Recent Updates on the Significance of KRAS Mutations in Colorectal Cancer Biology

Abstract

The most commonly mutated isoform of RAS among all cancer subtypes is KRAS. In this review, we focus on the special role of KRAS mutations in colorectal cancer (CRC), aiming to collect recent data on KRAS-driven enhanced cell signalling, in vitro and in vivo research models, and CRC development-related processes such as metastasis and cancer stem cell formation. We attempt to cover the diverse nature of the effects of KRAS mutations on age-related CRC development. As the incidence of CRC is rising in young adults, we have reviewed the driving forces of ageing-dependent CRC.
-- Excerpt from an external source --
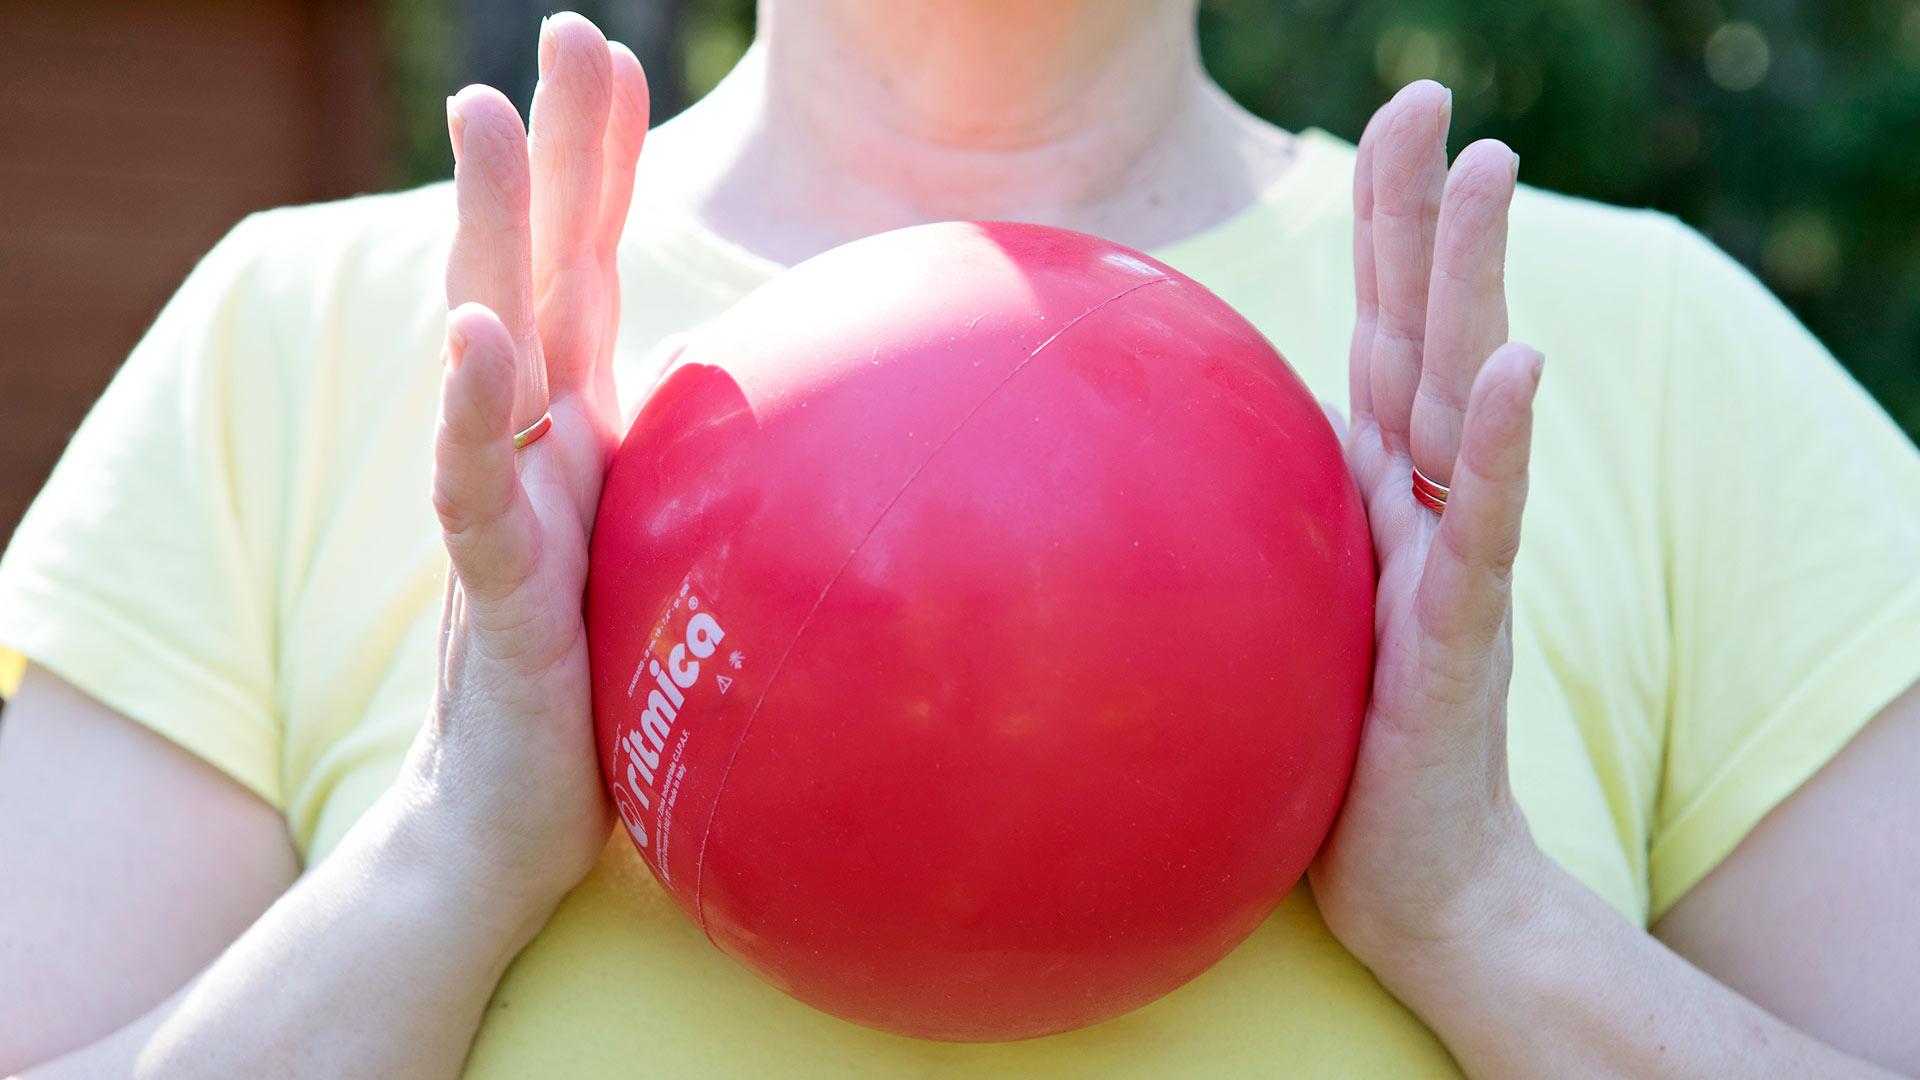 Pilatespallo
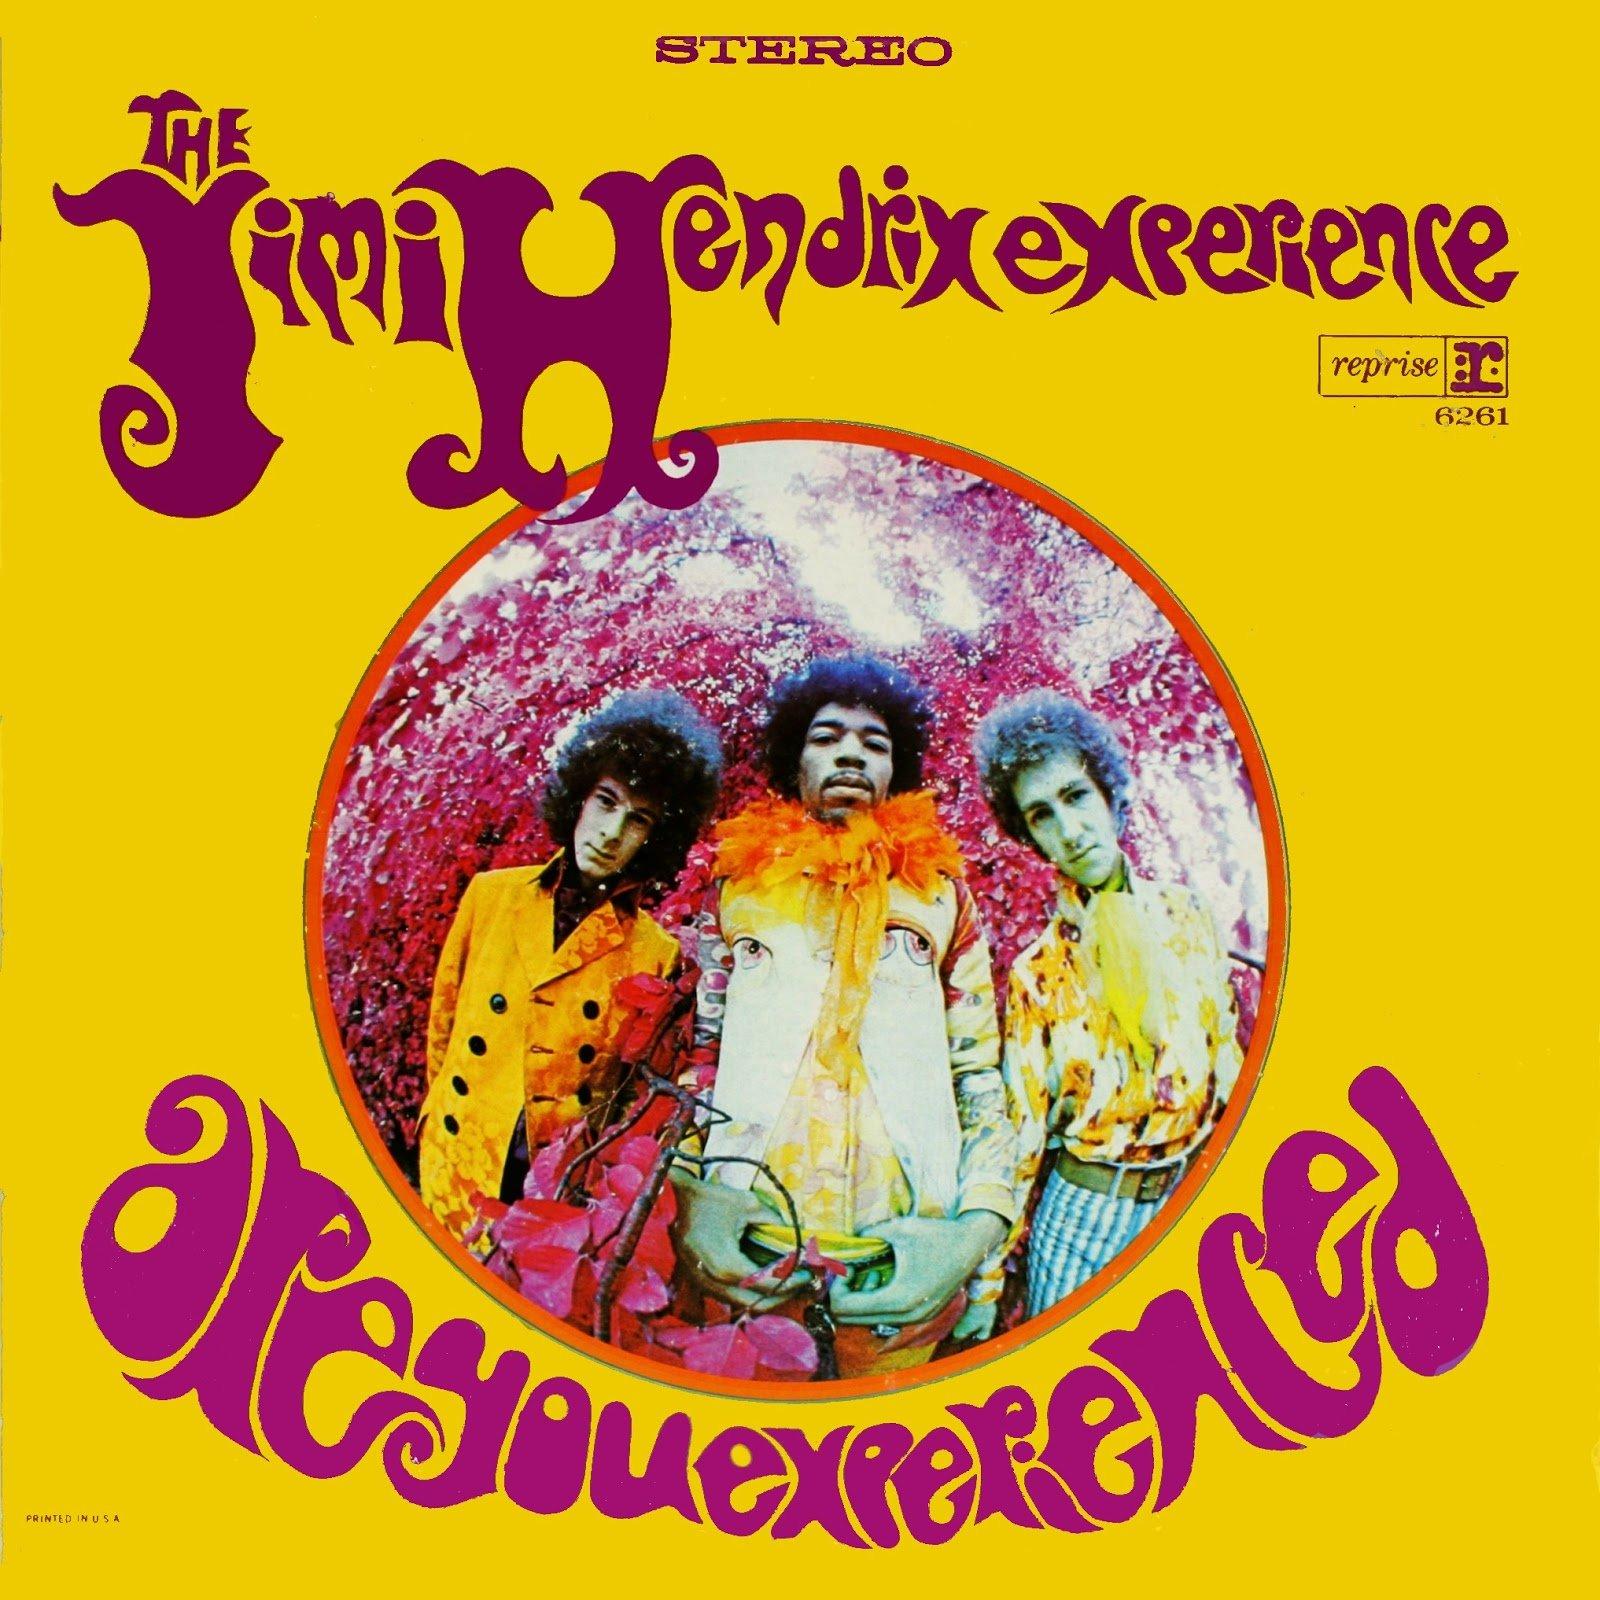 ARE YOU EXPERIENCED? – Jimi Hendrix (1967)

Keywords: CRC with age; KRAS; RAS signalling; RAS-driven metastasis; cancer stem cells; colorectal cancer.

Figure 2

(A) Visualisation of the colorectal cancer (CRC)-related mutations in the KRAS G domain. The glutamine residue at position 61, the glycine residues at positions at 12 and 13, and the alanine residue at position 146, which form the GDP/GTP pocket, are indicated with colours. Image from the RCSB PDB (rcsb.org (accessed on 3 March 2021)) of PDB ID: 6MBT [22]. (B) Schematic representation of the summary of the RAS-driven signalling pathways.

Figure 1

Structure of the KRAS4A and KRAS4B isoforms, showing the amino acid positions of posttranslational modifications with different colours. The hypervariable region sequences are presented separately for the two isoforms due to their high variability. The CAAX motifs and the polybasic residues on KRAS4B are also colour-coded. The posttranslational modifications are listed in the box with the affected amino acid sites and (where known) the enzyme or compound responsible for the reaction. NEDD4-1, neural precursor cell expressed developmentally downregulated 4-1; LZTR1, leucine-zipper-like transcriptional regulator 1; SRC, proto-oncogene tyrosine-protein kinase Src; PKC, protein kinase C; ExoS, exoenzyme S; PIAS4, protein inhibitor of activated STAT protein 4; PATs, protein acetyltransferases; FTase, farnesyltransferase; ICMT, isoprenylcysteine carboxyl methyltransferase.

Figure 3

(a) Frequency of metastasis sites in CRC patients. Distributions of the metastatic sites in colorectal cancer patients (n = 27,506) were extracted from cohort data of Riihimaki et al. and Holch et al. [80,81]. (b) Frequency of single (liver or lung) metastasis and the combined appearance (liver and lung) metastasis among codon-12 and codon-13 mutant and wild type KRAS patients. Raw cohort data from He et al., 2020 and Jones et al., 2017 were normalised and pooled [85,86].

Figure 4

Modifiable and non-modifiable risk factors associated with early- or late-onset CRC.

Figure 5

Prevalence of metastatic status among wild type and mutant KRAS CRC patients (n = 142–183). Metastasis is more frequent in mutant KRAS patients in both (<66 and ≥66 years) age cohorts. CRC patients carrying KRAS mutations (183 KRAS^wt and 142 KRAS^mut patients) and metastatic stage (M0 or M1) were extracted from PANCAN TCGA COADREAD (colorectal cancer) database on the Xena platform [135].